Our first Fund was issued under a Regulation D, 506(b) exemption, which meant that it was open to accredited and a certain amount of non-accredited but sophisticated investors. After our first fund, we decided to do 506(c) funds, which are only open to accredited investors but allow us to do general solicitation for the fund. (Learn more about accredited investor status here.)


3. Managing Capital


Managing pooled capital in a note investment fund is a lot more complicated than doing so for an individual note. You’re looking at the fund as a whole. You need to keep an eye on future costs and make sure you have enough so that you don’t run out of money.


Reserve Amount


We target 10% of our total capital raise as the amount we want to keep in reserve. This reserve is used for operating capital (costs of foreclosure, note servicing, insurance, property tax advances, management fees, etc) and minor rehab costs.

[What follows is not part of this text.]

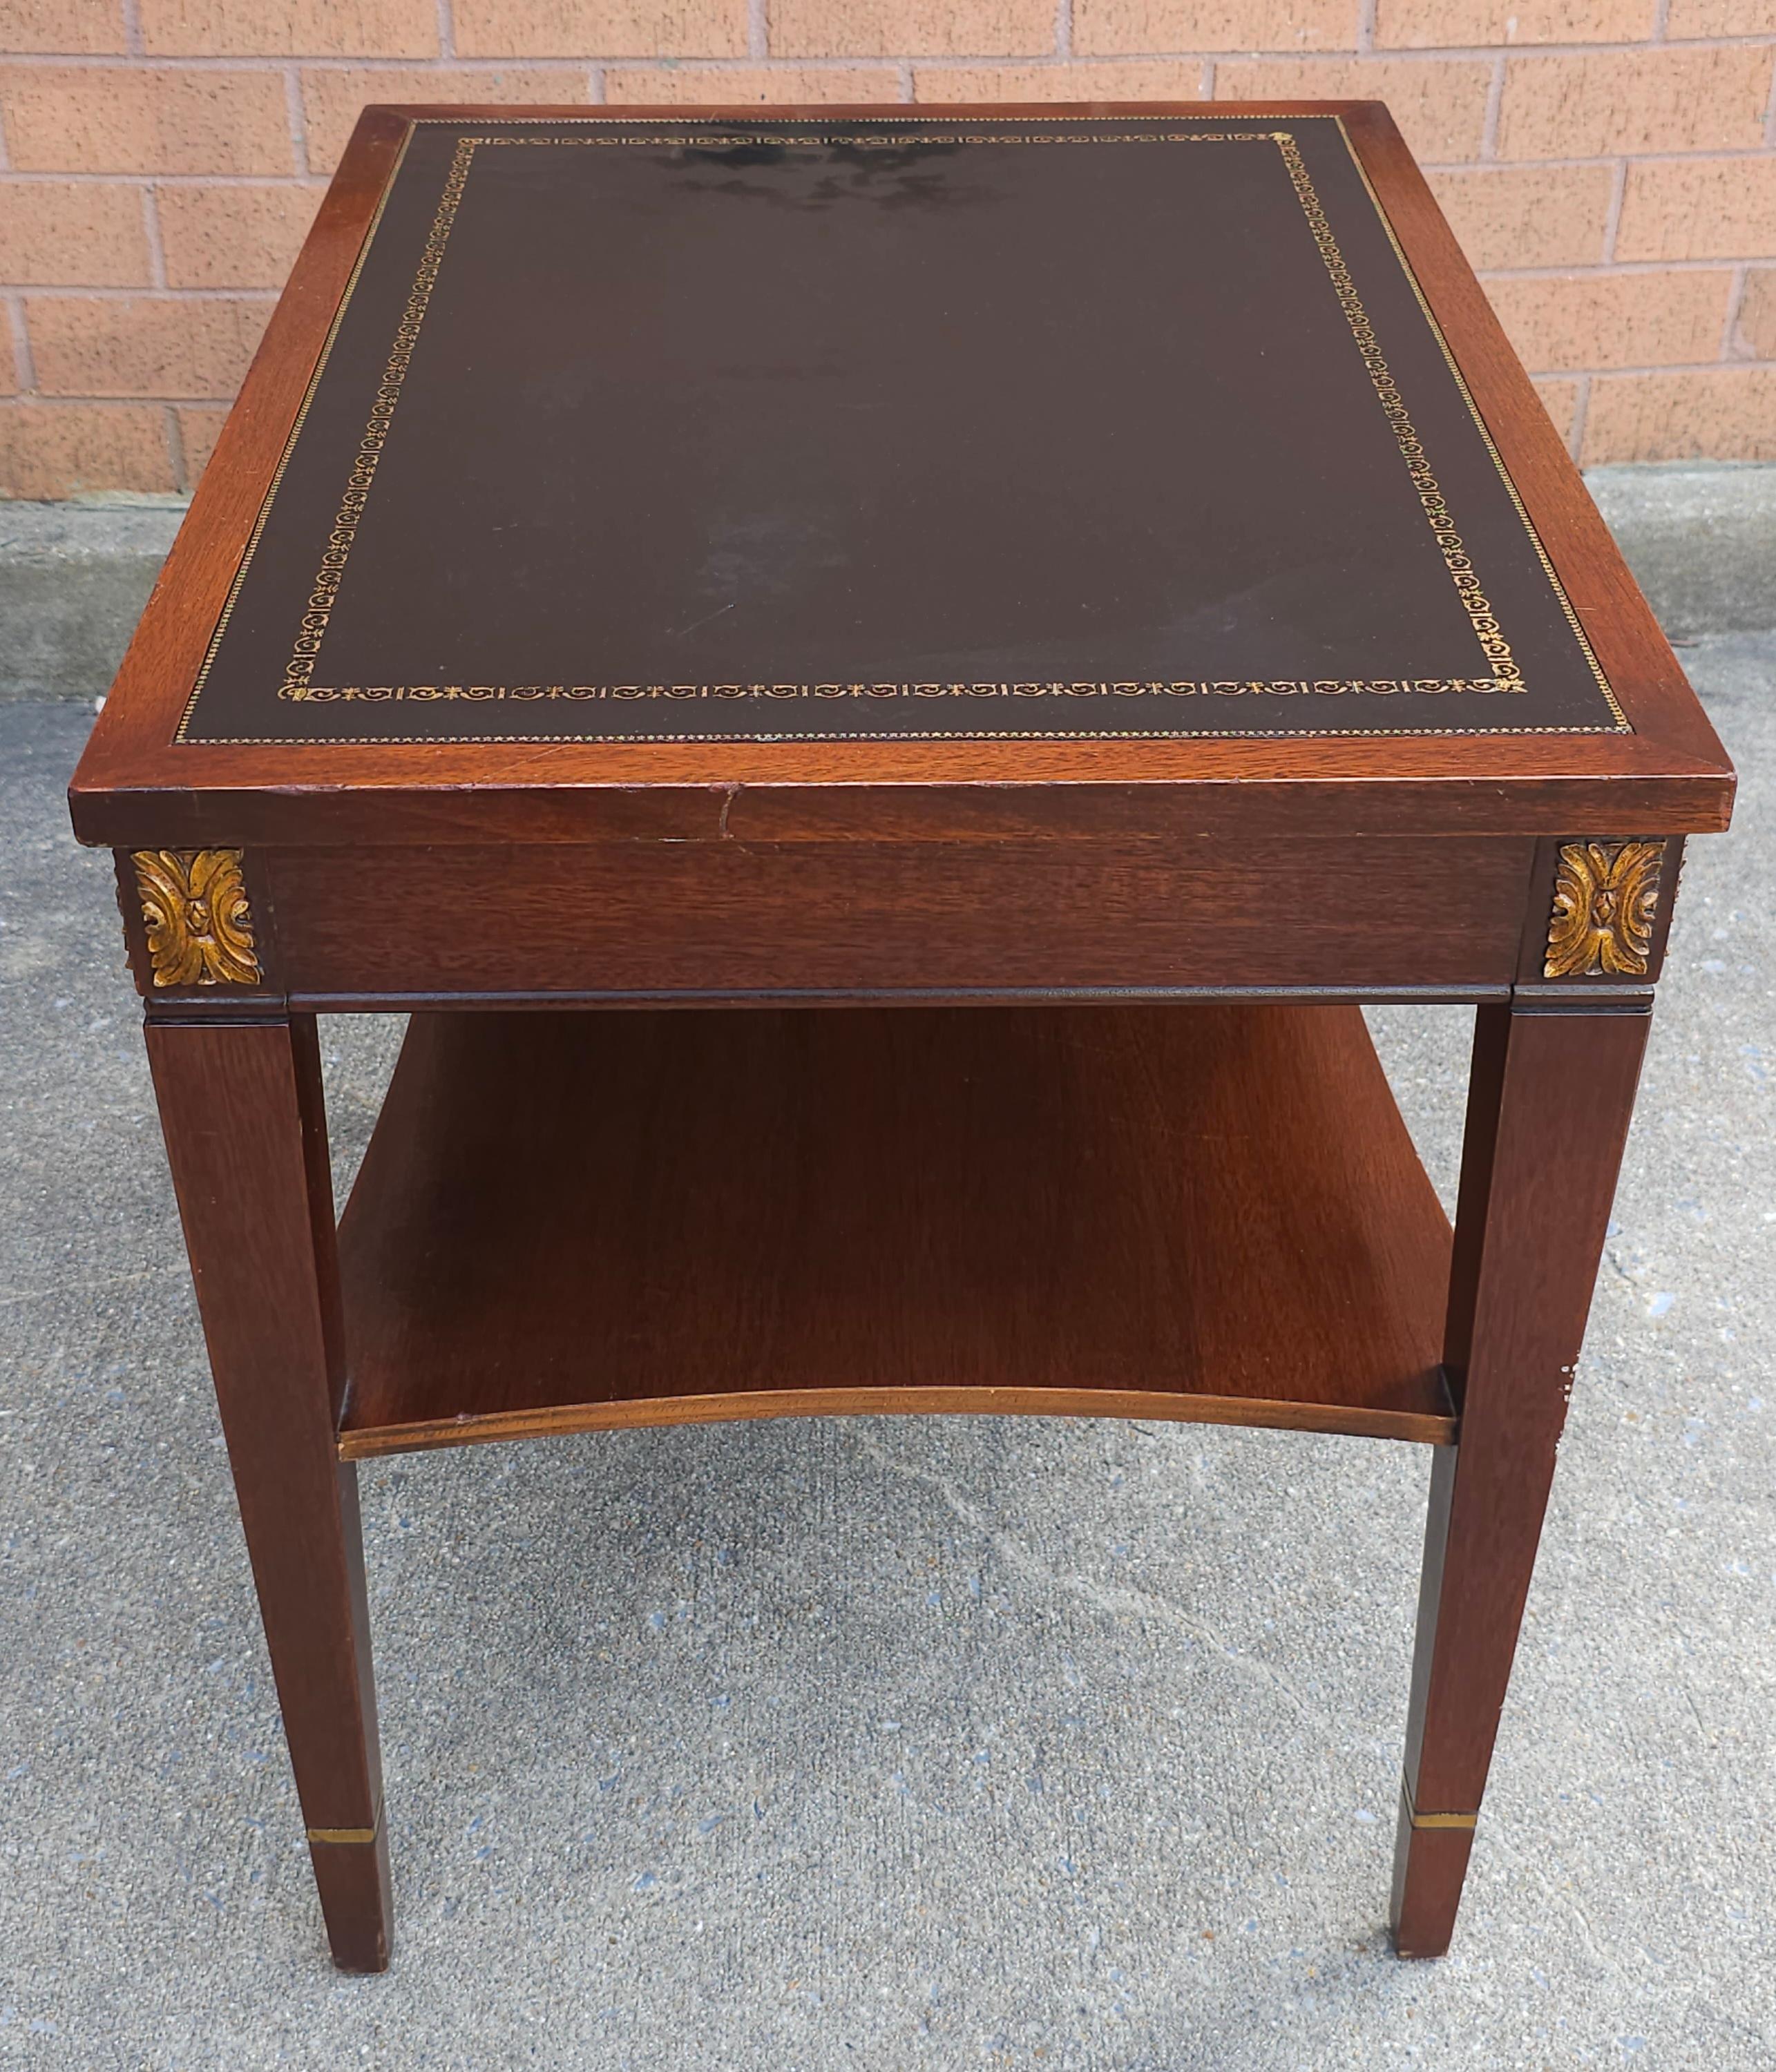 American Brandt Furniture Partial Gilt And Tooled Leather Mahogany Tiered Side Table For Sale

In our experience, 10% is about the right amount. If we keep more than that, we have too much idle capital as the preferred return is calculated on the total amount that our investors put in. Less than that and we run the risk of a liquidity crunch where we run out of money. We’ve never done a capital call to investors and don’t ever want to be in the position to do one.


When we have a liquidation, we do our best to estimate what we need for operating capital and upcoming rehabs and distribute the rest. If we get an REO, which requires a more substantial rehab, we’ll get a hard money loan on that property to provide the additional liquidity.


In the future, we’ll get warehouse and lines of credits from banks to help us maintain proper reserve levels.


Conclusion


Raising capital and determining the proper structure of your note investing fund require a lot more time and effort than buying a single note here or there. Managing capital is a lot more difficult when you have to factor in all the variables from multiple notes.